Warm weather and low wind output played a role, but what was surprising about the alerts—one in April, the other in June—was the number of power plants that were offline at the same time. On June 14, the Electricity Reliability Council of Texas, the state’s grid operator, said some 11 gigawatts of generation (roughly 15% of that day’s peak load forecast and enough to power 2.2 million homes in the summer) was on forced outage for repairs. In April, Ercot had said roughly 33 GW of generation was out of service for maintenance. Of course, that isn’t entirely surprising after the February disaster that strained the entire system and left millions without power.
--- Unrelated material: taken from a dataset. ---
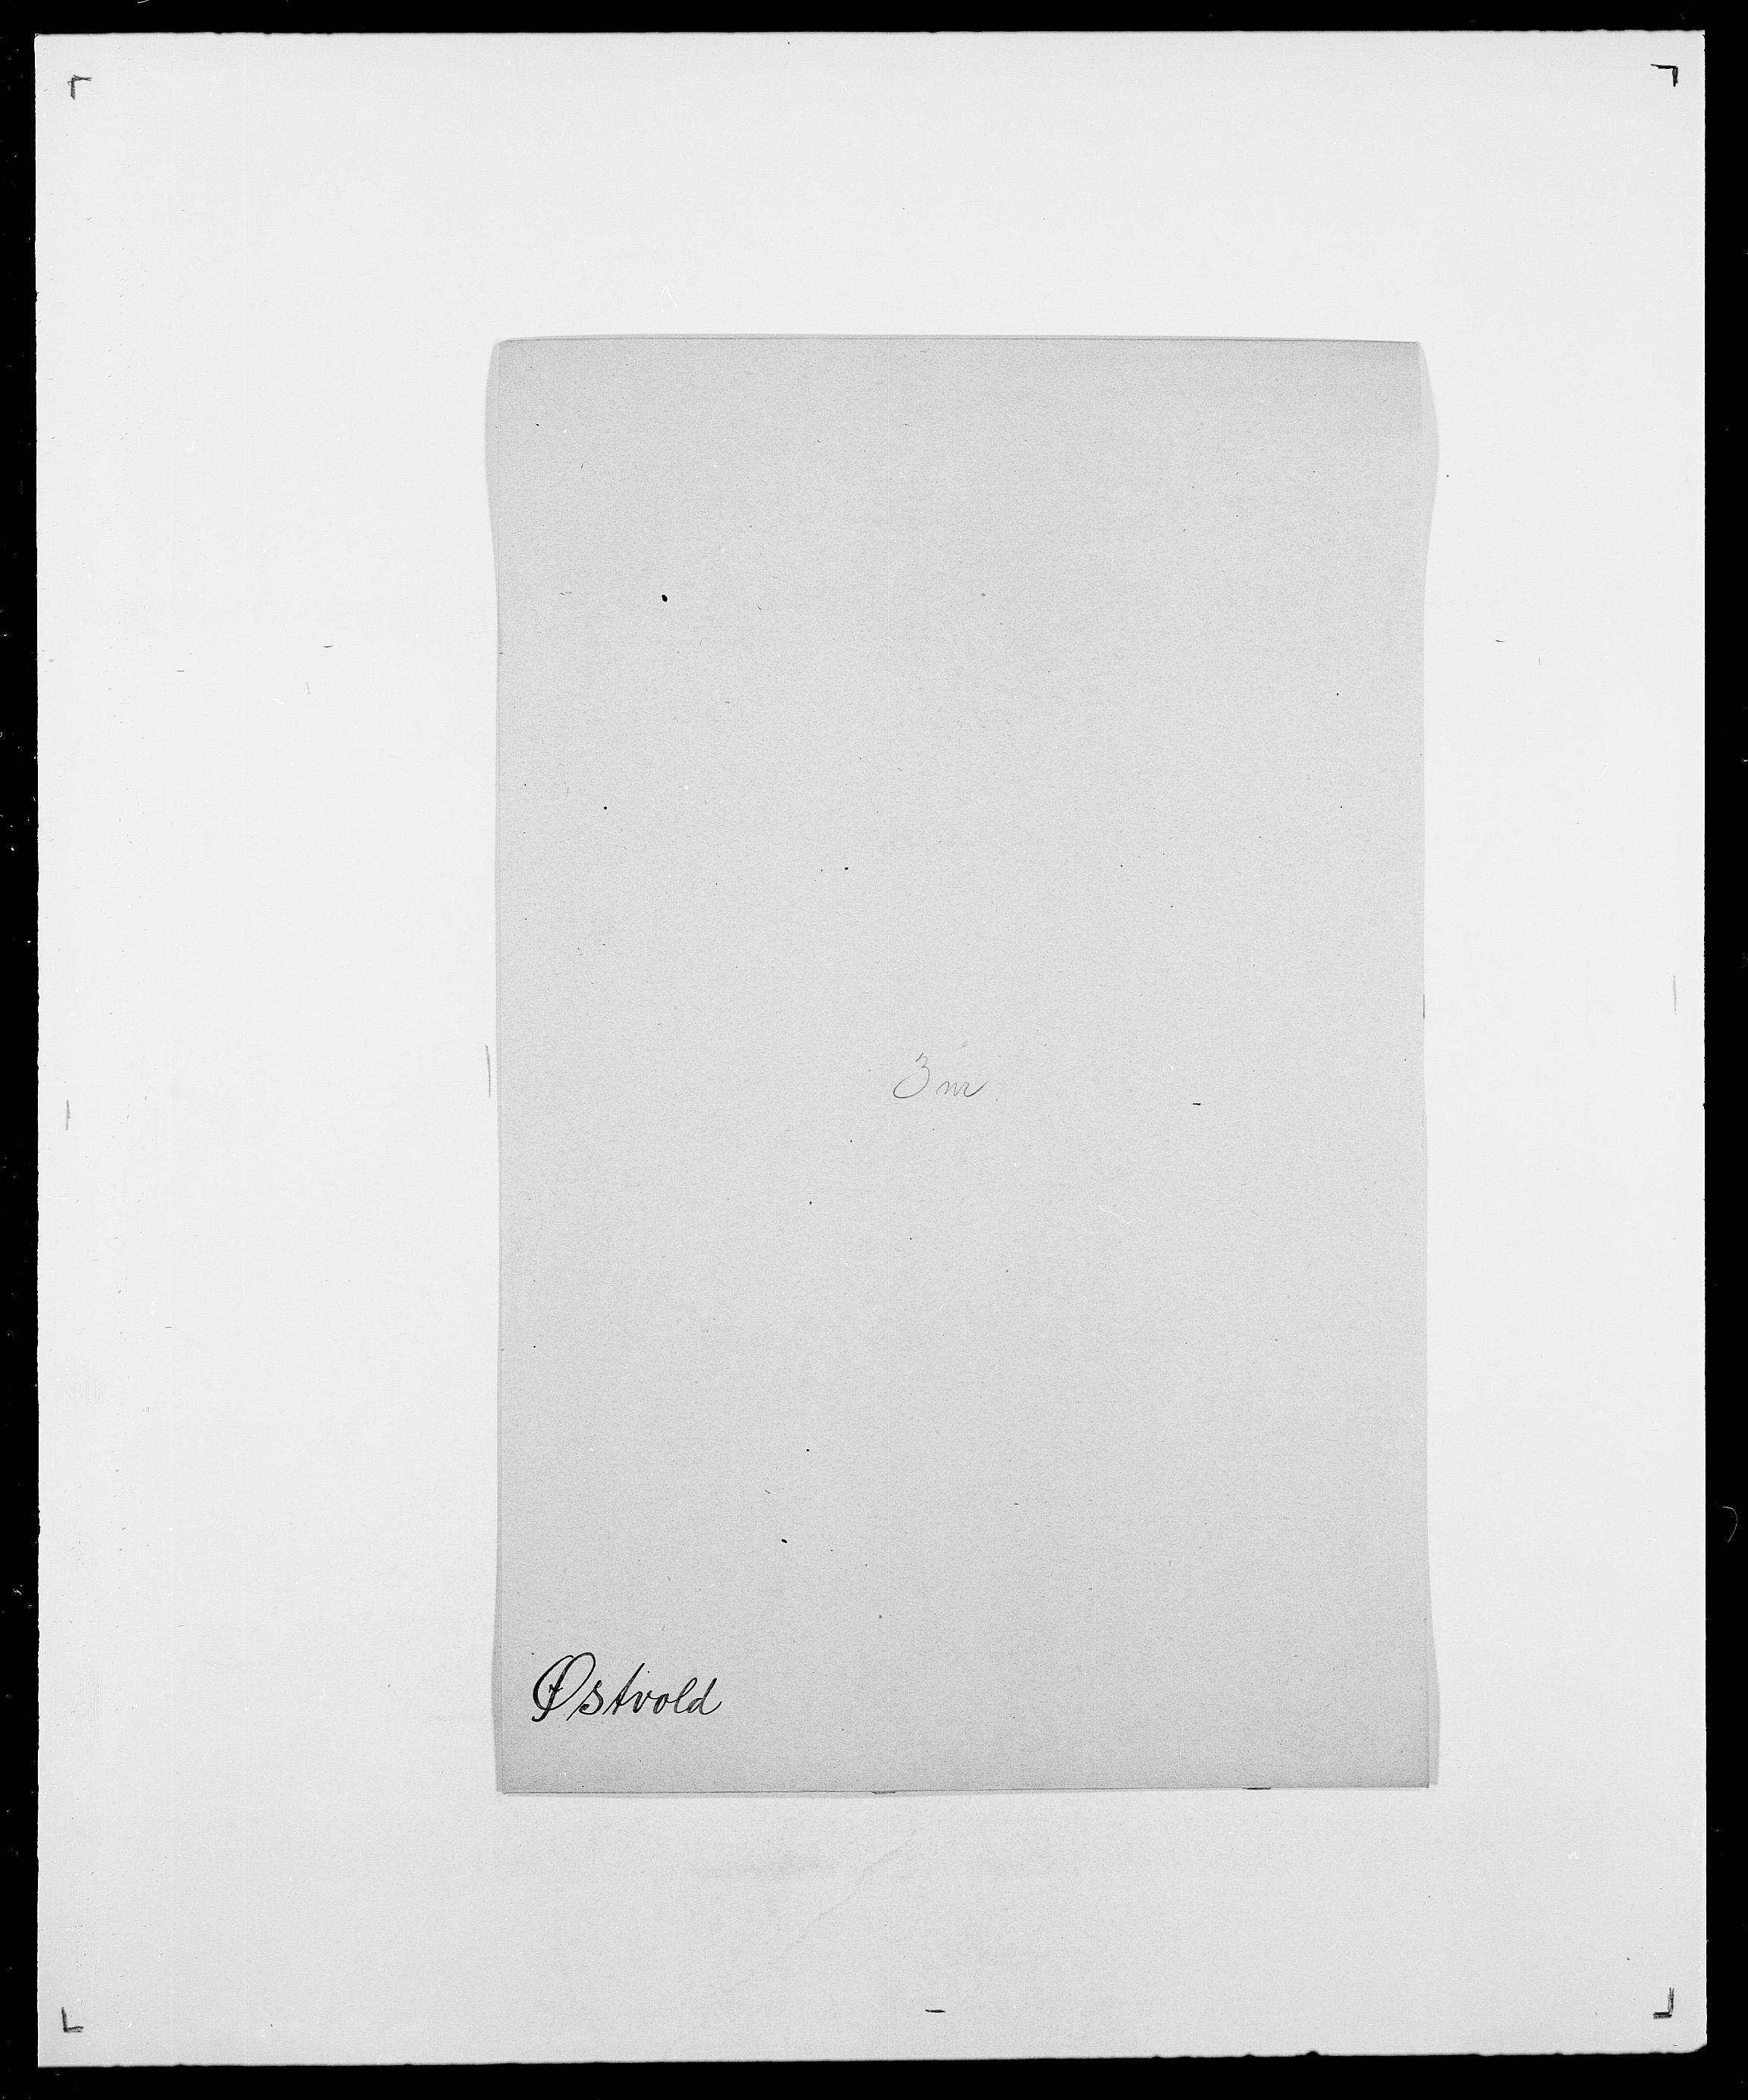 SAO, Delgobe, Charles Antoine - samling, D/Da/L0043: Wulfsberg - v. Zanten, s. 374

The exact causes of the outages aren’t all accounted for. Texas regulators on Wednesday ordered Ercot to release that kind of information within three days instead of the usual 60 days for any outages that occur this summer. Ercot is expected to release information on the June outages this week. While that will offer some color, it likely won’t be the full story, especially given that the information will be based on whatever the power plants have told Ercot. The independent market monitor, Potomac Economics, will investigate whether any market manipulation took place in those two events.

The tight supply conditions are a reminder of two separate but potentially compounding risks of a grid that offers large carrots in times of market tightness (up to $9,000 a megawatt-hour) but barely any sticks for being unavailable. Such a market gives generators little reason to maintain their power plants beyond the bare minimum, increasing the chances of unplanned outages. Secondly, in such a market, manipulation—withholding power from certain plants to reap outsize profits from others—is tempting. The combination seems to make for a potentially reinforcing spiral of risks, especially given the worn-down physical and financial state of power plants in Texas after the February storm.

The most obvious culprit for the outages is the storm itself, which left the grid severely strained. Beth Garza, former director of Ercot’s independent market monitor, pointed out that the June outages occurred on a Monday and that it isn’t uncommon for power plants to plan to go offline over the weekend for a quick fix only to have that outage extended because repairs took longer than expected.